▶ **INFORMATION PROVIDED**:

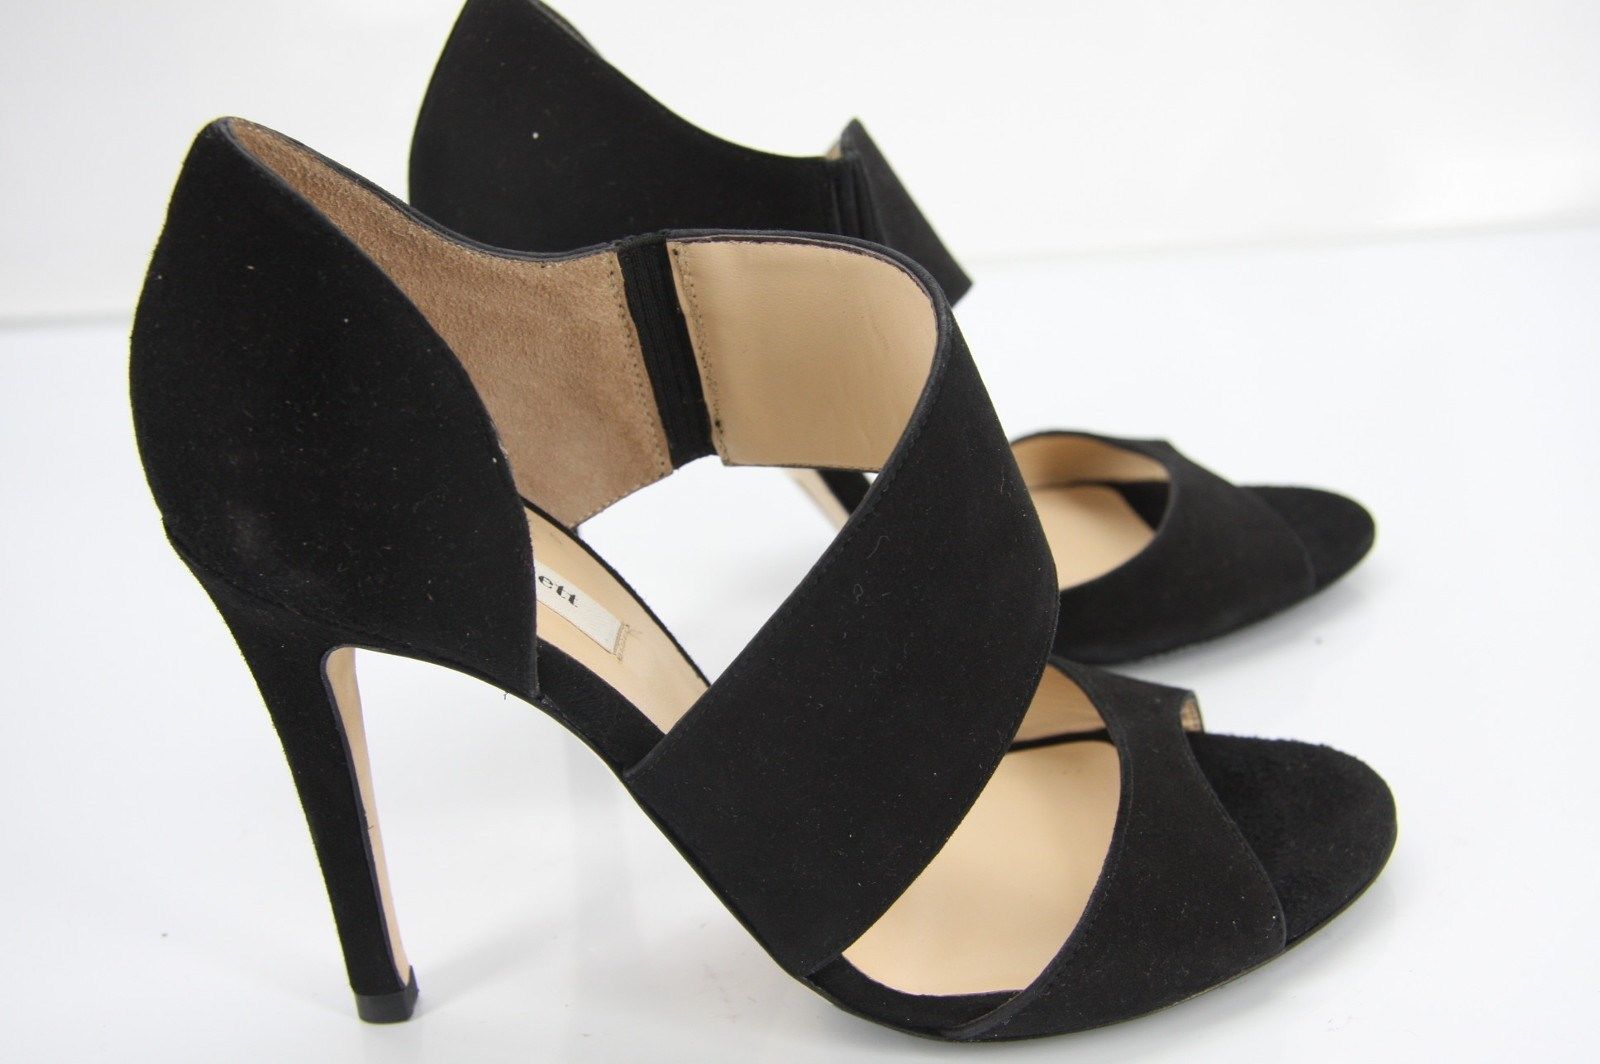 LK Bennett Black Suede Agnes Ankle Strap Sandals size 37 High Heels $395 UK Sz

---

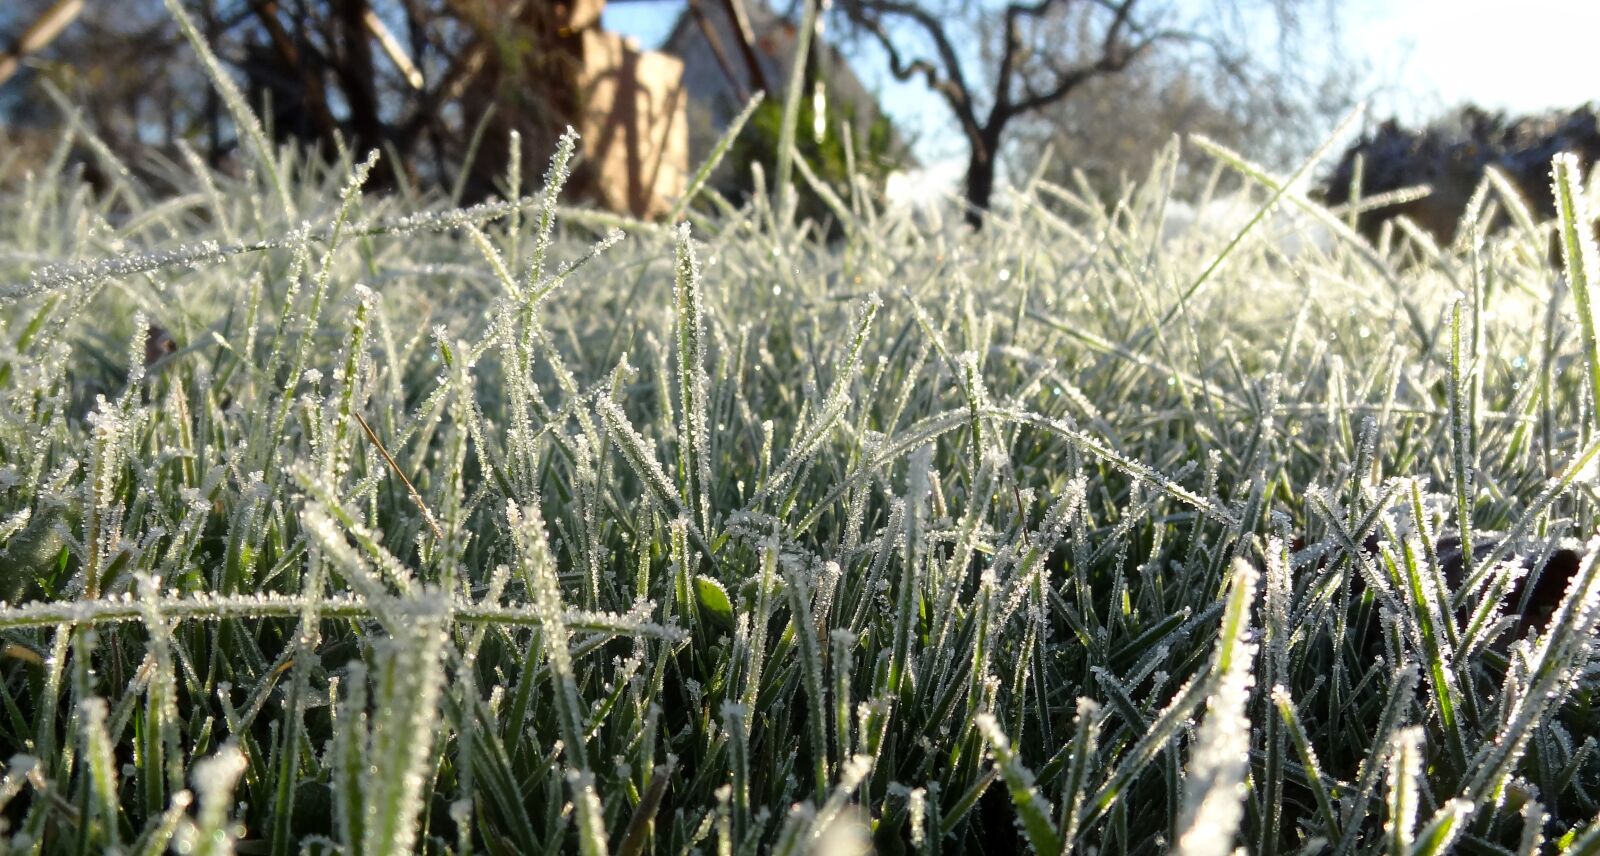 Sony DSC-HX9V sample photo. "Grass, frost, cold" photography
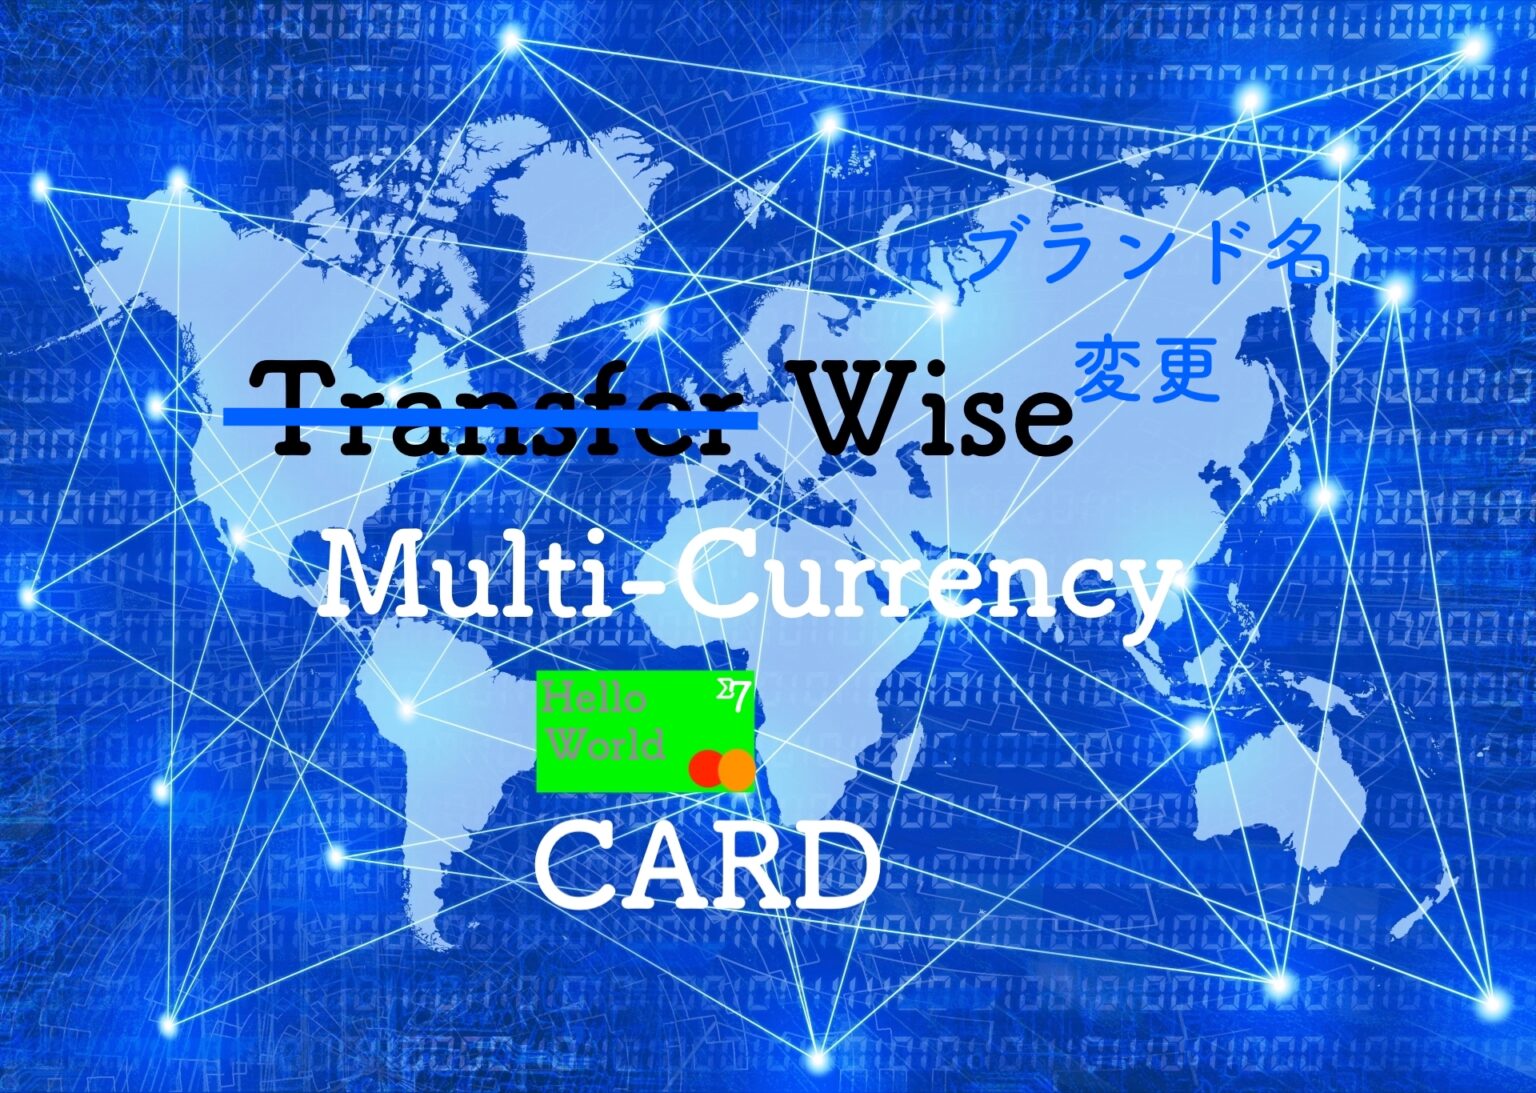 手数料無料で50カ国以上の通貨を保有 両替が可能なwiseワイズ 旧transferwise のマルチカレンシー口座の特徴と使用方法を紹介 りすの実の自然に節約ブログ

* * *

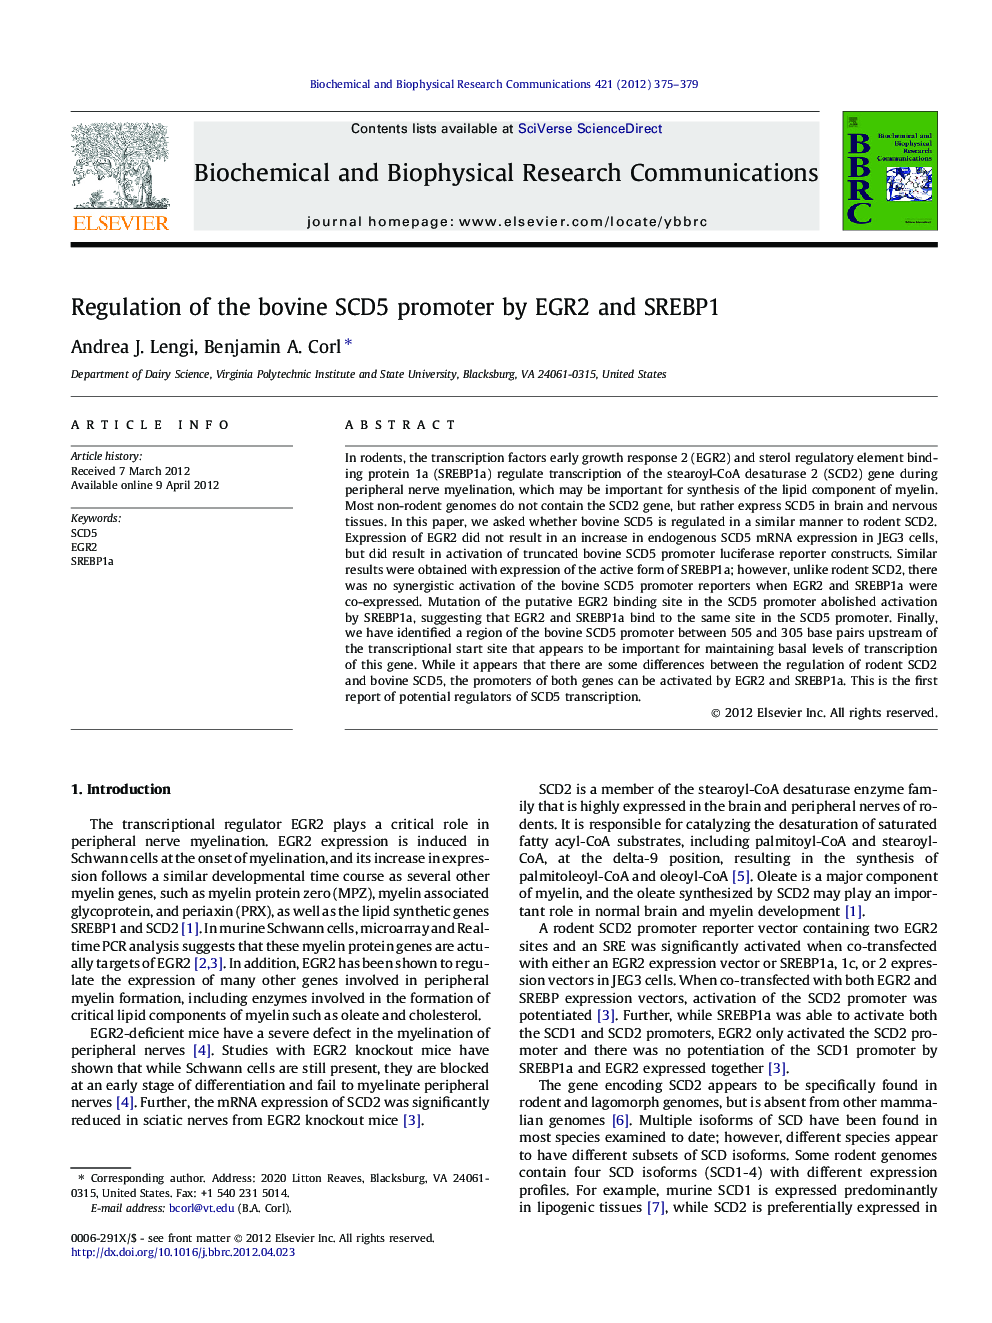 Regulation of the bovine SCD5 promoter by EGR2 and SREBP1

▶ **WHAT IS EXPECTED**: Find the line with "Sony DSC-HX9V sample" in the entries above. Set down exactly every line from it up to and including the line with "手数料無料で50カ国以上の通貨を保有 両替が可能なwiseワイズ 旧transferwise", images excluded.

▶ **TASK RESPONSE**:
 Sony DSC-HX9V sample photo. "Grass, frost, cold" photography
 手数料無料で50カ国以上の通貨を保有 両替が可能なwiseワイズ 旧transferwise のマルチカレンシー口座の特徴と使用方法を紹介 りすの実の自然に節約ブログ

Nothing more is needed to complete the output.